肝の乱れによる症状としては、以下のようなものがありますが、個人によって異なる場合があります:
※情緒の不安定やイライラ感
※疲労感や体力の低下
※頭痛やめまい、目のかすみなどの眼症状
※不眠や睡眠の浅さ、夢遊などの睡眠障害
※消化不良や食欲不振、胃腸の不快感
※生理不順や月経痛、乳房の不快感などの婦人科症状 肝の乱れを改善するために、以下のような漢方薬やアプローチが用いられます:
肝養薬(かんようやく):肝の機能を調整し、肝の健康をサポートするための漢方薬です。
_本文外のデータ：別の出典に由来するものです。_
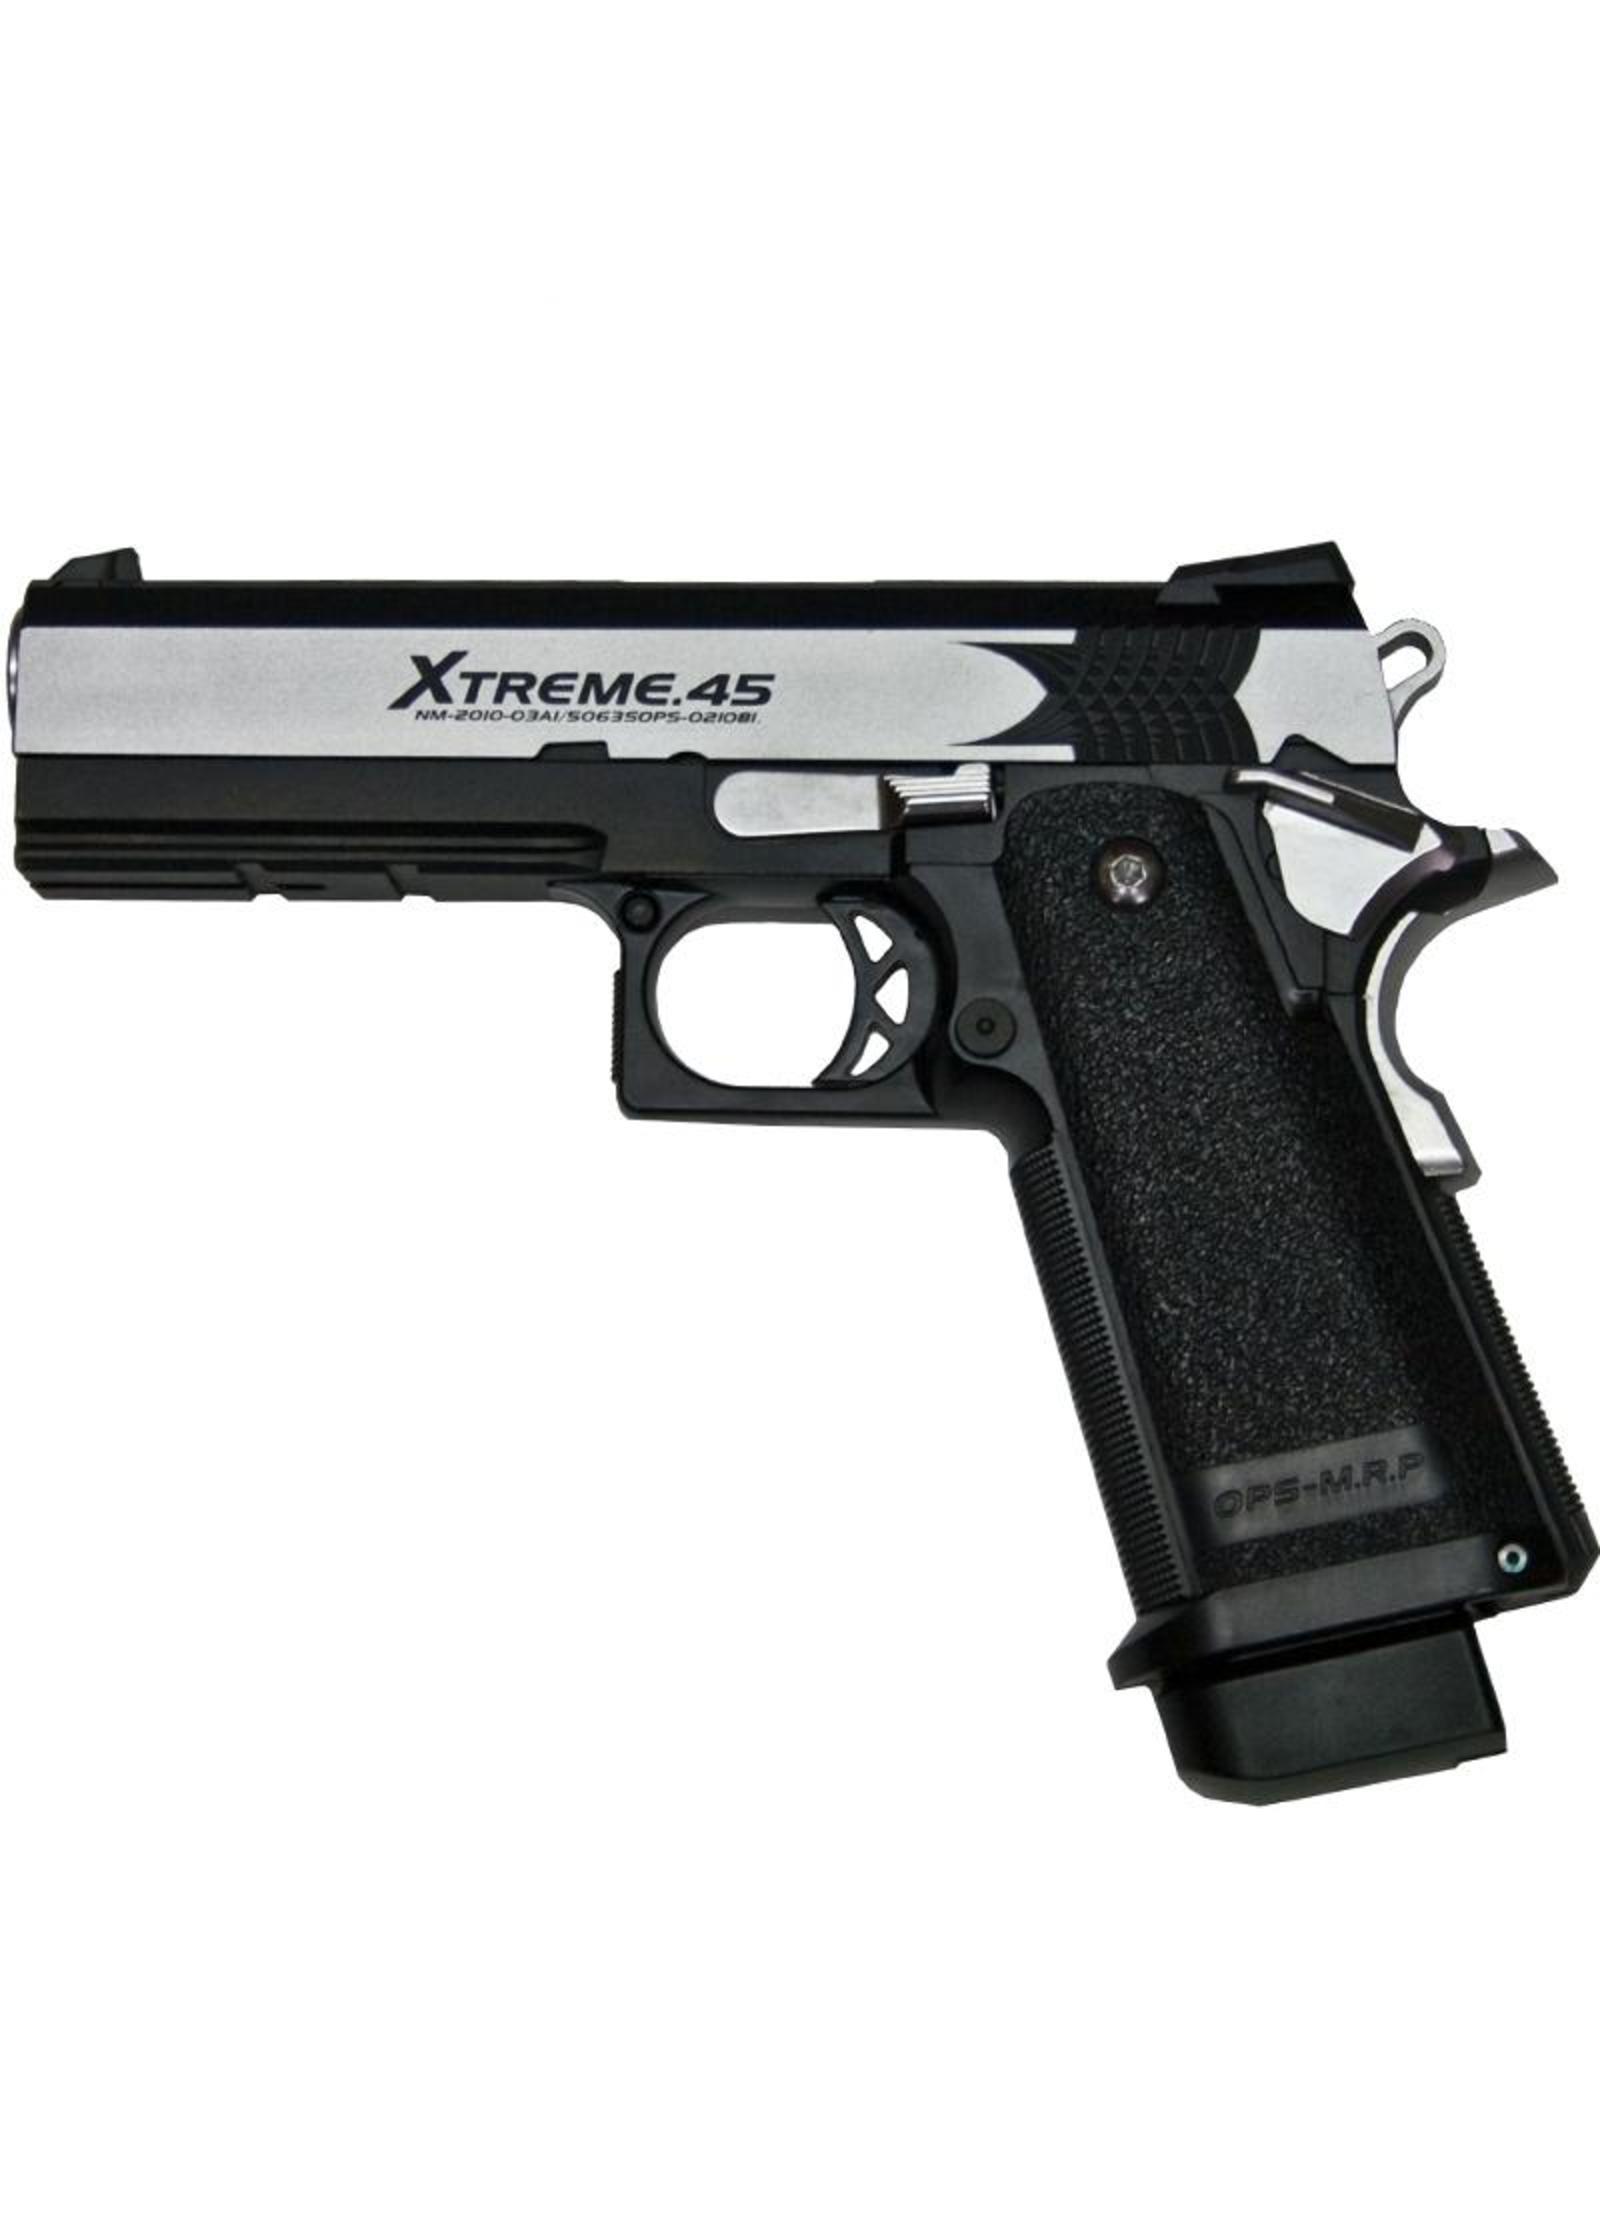 Tokyo Marui - XTreme .45 GBB Full Auto Pistol - Silver
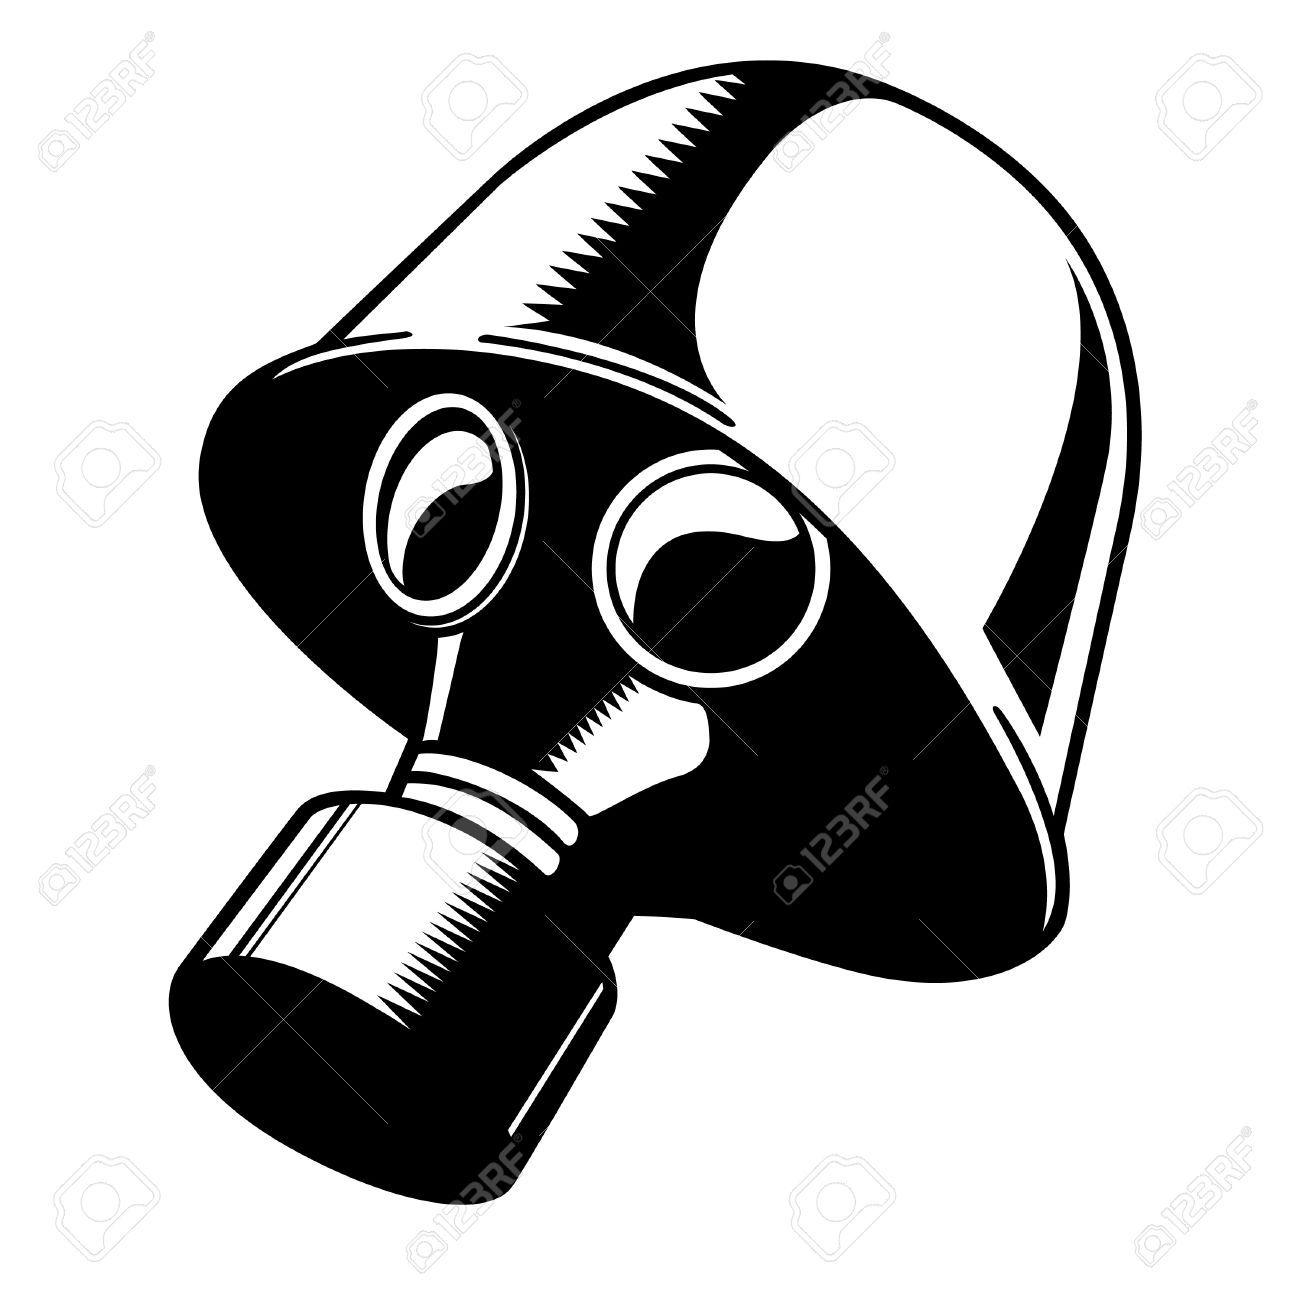 image result for gas mask cartoon cartoons 4 pinterest cartoon rh pinterest com gas mask cartoon pic gas mask cartoon drawing

具体的な薬剤としては、活命参(かつめいさん)、柴胡湯(さいことう)や加味逍遥散(かみしょうようさん)などがあります。
血行促進薬(けっこうそくしんやく):血液の循環を促進し、肝臓への血液供給を改善する漢方薬です。
血行促進効果のある薬剤としては、桂枝茯苓丸(けいしぶくりょうがん)や和漢薬(わかんやく)などがあります。
鎮静剤(ちんせいざい):肝のストレスや情緒の不安定を和らげるための漢方薬です。
肝の鎮静作用や心の安定効果のある薬剤としては、香蘇散(こうそさん)や能活精(のうかっせい)などが使用されます。
生活習慣の改善:肝の乱れを改善するためには、健康な生活習慣を整えることも重要です。
ストレスの管理や適度な運動、規則正しい睡眠、バランスの取れた食事などが肝の健康に寄与します。
また、肝の乱れには食事や食材の選択も重要です。肝臓をサポートするためには、ビタミンB群やビタミンE、亜鉛などを含む食材を摂取することが推奨されます。
代表的な食材としては、レバー、緑黄色野菜、ナッツ類、豆類、海藻などが挙げられます。